Gordon stood with hat in hand. Cobb sat and ignored the fidgeting young man.

“Cobb,” Gordon said and at his name, he rose, smiling.

“Gordon, sit. Mary, get Gordon a cup. See, quit calling me ‘Sir’ like some knight or slave-owner and I’ll respond.”

Gordon expelled his breath. “Yes, S…Cobb. Am I really free?”

“Nebraska Territory’s not a slave state. I pay you same wage I pay any hand. You bunk with the other hands.”

“But can I leave?”

Cobb leaned forward, holding the man’s worried gaze. “Gordon, you’re free to go, but remember, gold is a hard master.”


Always by Kerry E.B. Black

A doubt nagged Kim. “Why was he out late every Friday?” She pushed distrust into a corner and closed a door on negativity. She applied lipstick and powder and awaited his return.

When he dragged his briefcase over the threshold, she embraced him. “Welcome home, darling!” He pecked her on the cheek and slouched to his desk and more work without a word.

She studied her appearance in the cheval. Still thin. Not gray. No wrinkles.
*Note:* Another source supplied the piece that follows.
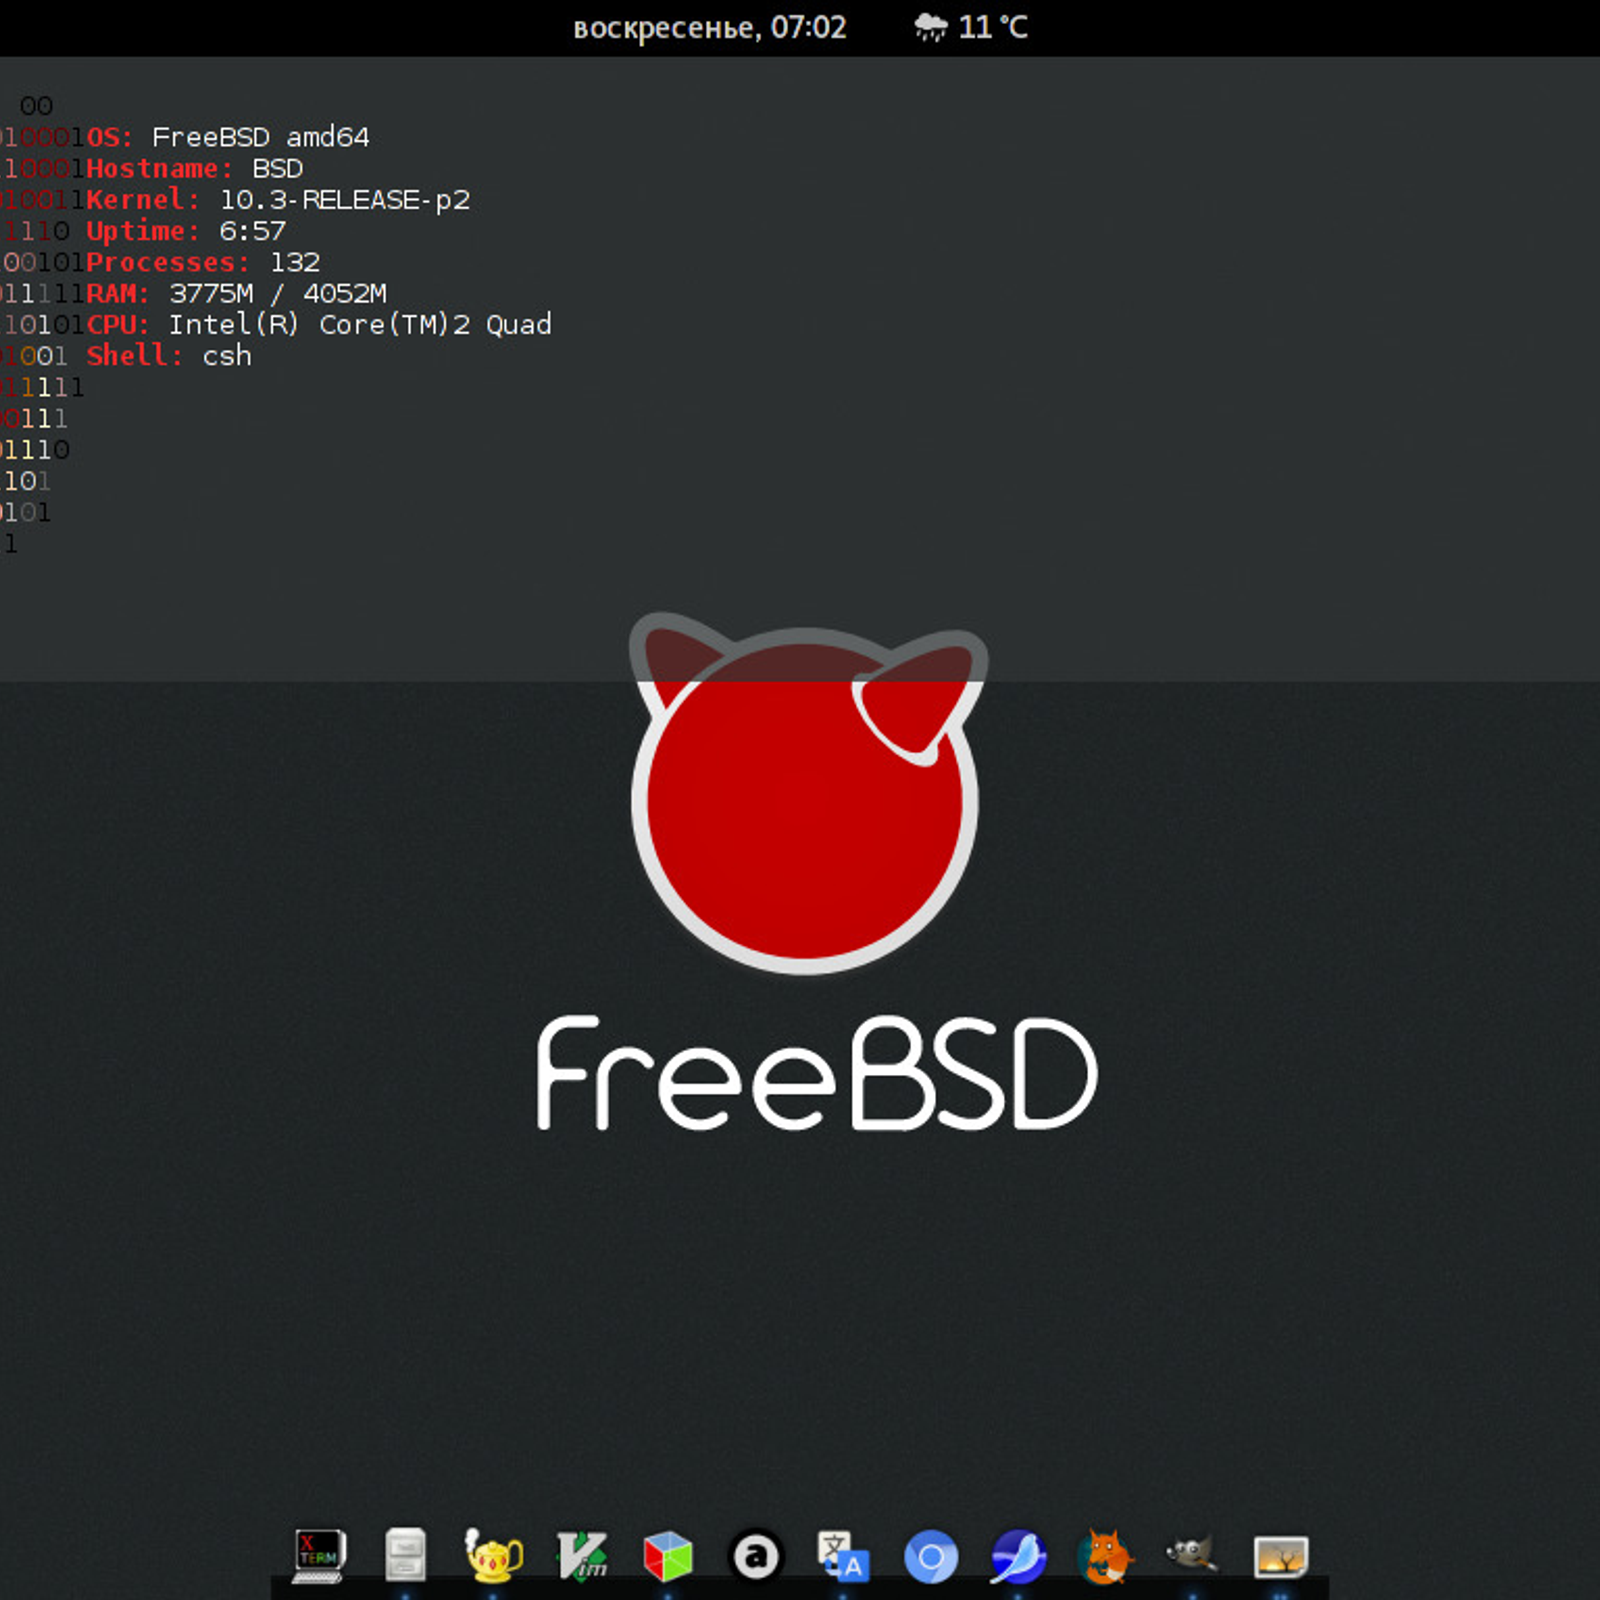 freebsd_481133_full.png

Yet he showed no interest.

After he slept, she snuck into his files and found among his notes, “I’ll love you always, Tracy.”


The Rock by Norah Colvin

The rock, promising permanence, beckoned: perfect for contemplating expanses beyond while pondering life and one’s significance. She sighed, and succumbed. The waves, licking repetitively at the base, soothed somehow; as if each grain of sand stolen from beneath her feet loosened her tension. Becoming one with the rhythm, her heart sang the melody as her mind slowed, releasing all thought. Feeling whole again, as solid as the rock, and with renewed strength, she prepared to face those who sought to erode her. Though tides would rearrange and redecorate, and often do their best to annihilate, they could not obliterate.


Immersed by Pete Fanning

The coffee groans. Hot water trickling through the grinds, into the pot as we slide past each other without words.

Her laugh used to tickle my back on its way up my scalp, where I would bury my face in the curve of her neck, finding my own little refuge from the world.

Now a river of silence slides between us. It drips through the ridges, into the folds of my brain, washing away the laughter and dulling her smile. I peek to her neck, and slowly wade into the waters of my own stubbornness.

Our river is rising.


Midnight Stroll by Bill Engelson

Dobbs left the banker staring out into the fractious night, warmed only by his whisky-deluded memories.

Shrill screams of grim bacchanalian excess echoed from Union City’s half dozen saloons.

Desolate drunks, the wounded warriors and wastrels, still warbled slurred songs, unintelligible dirges to wanton lives.

Dobbs shrugged off the temptation to walk amongst them once again, breath in their spirits-soaked fear, cry for them, with them.

“I have no stomach for that anymore,” he said to the mad moon.

Keeping to the shadows, he headed to Henry Taylor’s Livery and sleep.

The scabrous failings of lost men corroded him.


To See the World in a Grain of Sand by Gordon Le Pard

He looked at the strange pattern on the rock that had fallen from the cliff, then bent to make notes.
Hours later he returned to his wife, “I’m sorry I was so long.”

“I married you for better or worse, if the worse is you geologising whist I paint, I don’t mind. What did you find?”

“More evidence,” he pulled out his notebook. “Ripples, fossilised in rock. Which shows that sand, washed down into the sea has been compressed into rock, then lifted up and eroded yet again.”

“What does that mean?”

“That the earth is old, immeasurably old.”

Author’s Note: It was on his honeymoon in the Mediterranean that Sir Charles Lyell found the final evidence he needed, that the earth was incredibly old. His book The Principles of Geology, was very controversial.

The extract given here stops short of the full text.